What he’s saying: “The limiting factor, at this stage, in terms of the ability to scale up this business … is not the availability of capital,” Dan Ammann tells me.
- “The limiting factor is actually figuring out these projects, piecing them together, getting them to work, finding the right customers.”
The big picture: Ammann says Exxon’s doing that as it focuses on carbon capture, hydrogen and biofuels. But the oil behemoth isn’t following European majors into renewable power development.
Driving the news: Exxon yesterday announced a deal with industrial gases giant Linde to capture CO2 from a planned hydrogen plant in Texas. It’s the latest of several recent deals with partners like fertilizer maker CF Industries and Honeywell.
Catch up fast: In the medium-term, Exxon plans to cumulatively spend roughly $7 billion through 2027 on projects with industrial partners and $10 billion to cut emissions from its own operations.
Reality check: That’s a small share of overall investments that mostly flow to their oil, gas and fuels businesses.

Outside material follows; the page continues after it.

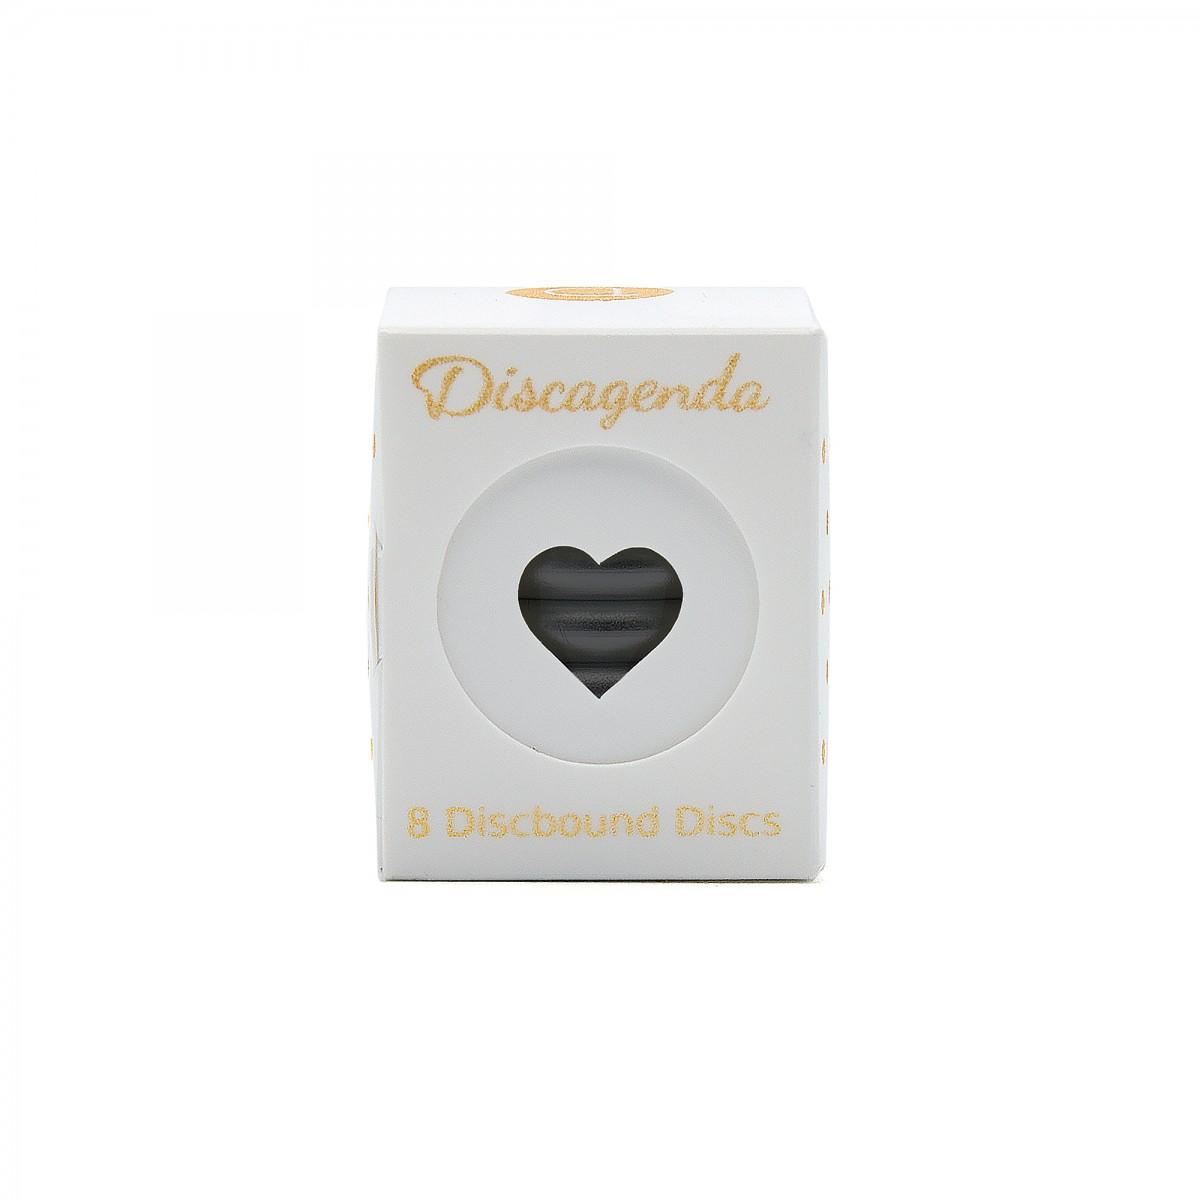 DISCAGENDA DISCBOUND DISCS 33MM 8 PIECE SET BLACK
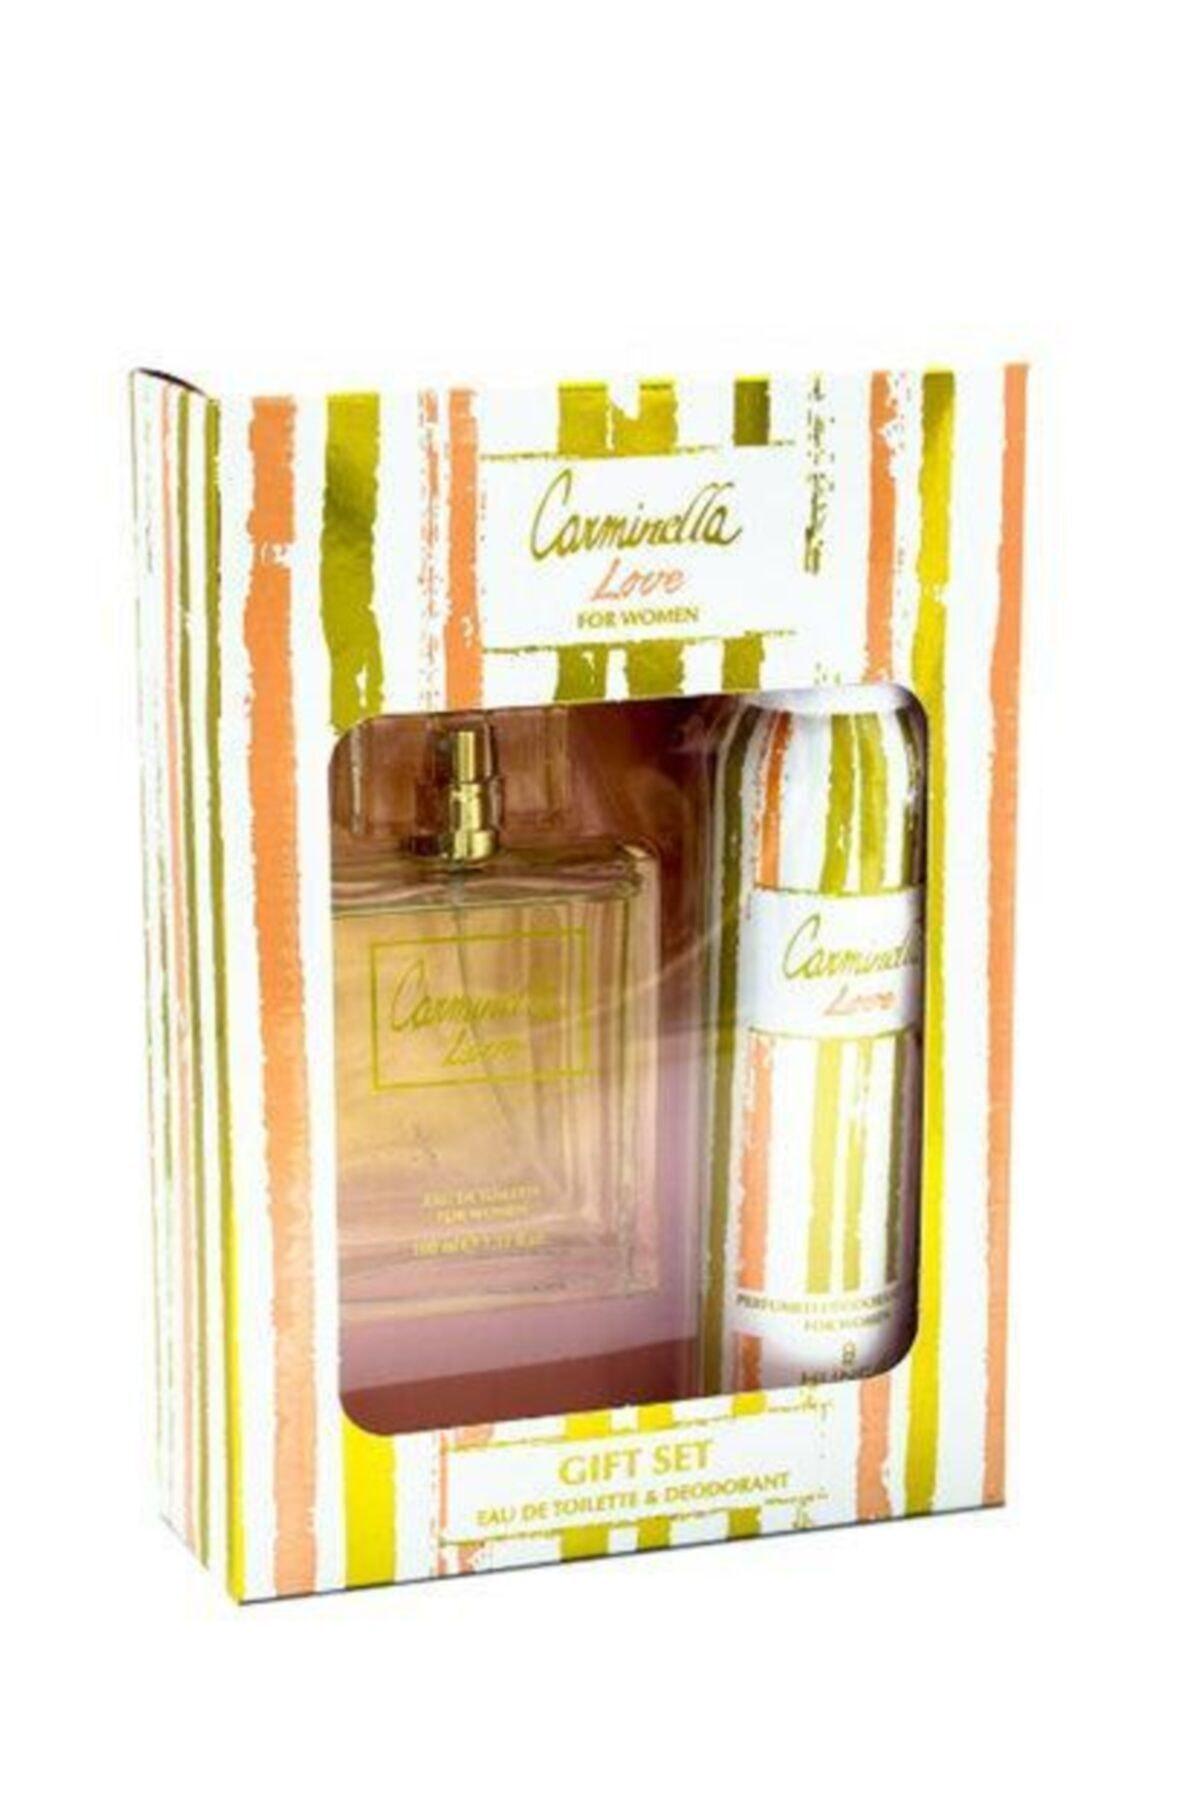 Carminella Love Edt 100 ml Kadın Parfüm Seti 9859869879881-3029 1

Exxon’s planned capital spending is $20-$25 billion annually through 2027.
- And scientists caution that growing fossil fuel production — which Exxon’s doing — collides with climate goals.
Yes, but: Exxon says it’s positioned to be a key player in commercializing tech at scale in hard-to-decarbonize industrial sectors.
- “The project execution capability here is incredibly powerful,” Ammann, a former GM exec, tells me.
- “If you need a multibillion dollar project built, this is the place to come and get that done.”
What’s next: In our interview Monday and an investor presentation yesterday, Ammann and execs, including CEO Darren Woods, detailed Exxon’s plans.
Scale: Exxon sees a huge opportunity in energy transition, a $6 trillion addressable market in the areas where it’s focused by 2050.
- Their share could be measured in the hundreds of billions, and “quite possibly larger than Exxon’s base business is today as the world approaches net-zero,” Ammann told investors and analysts.
- They see potential for double-digit returns in a market less cyclical than oil and gas.
Policy: The U.S. climate law, which expands incentives for low-carbon energy, is “opening up the funnel for an increased number of projects that are now economically viable to pursue,” Ammann told me.
- Still, after a few years of “foundational projects,” they see more policy support needed — and significant reductions in emissions-cutting costs — to move the global market to hundreds of billions and ultimately trillions of dollars. Page 11 of their new investor deck spells this out.
The bottom line: A year into his tenure, Ammann sees corporate weight behind him.
- Asked how much he speaks to CEO Darren Woods, Ammann replied: “A lot.”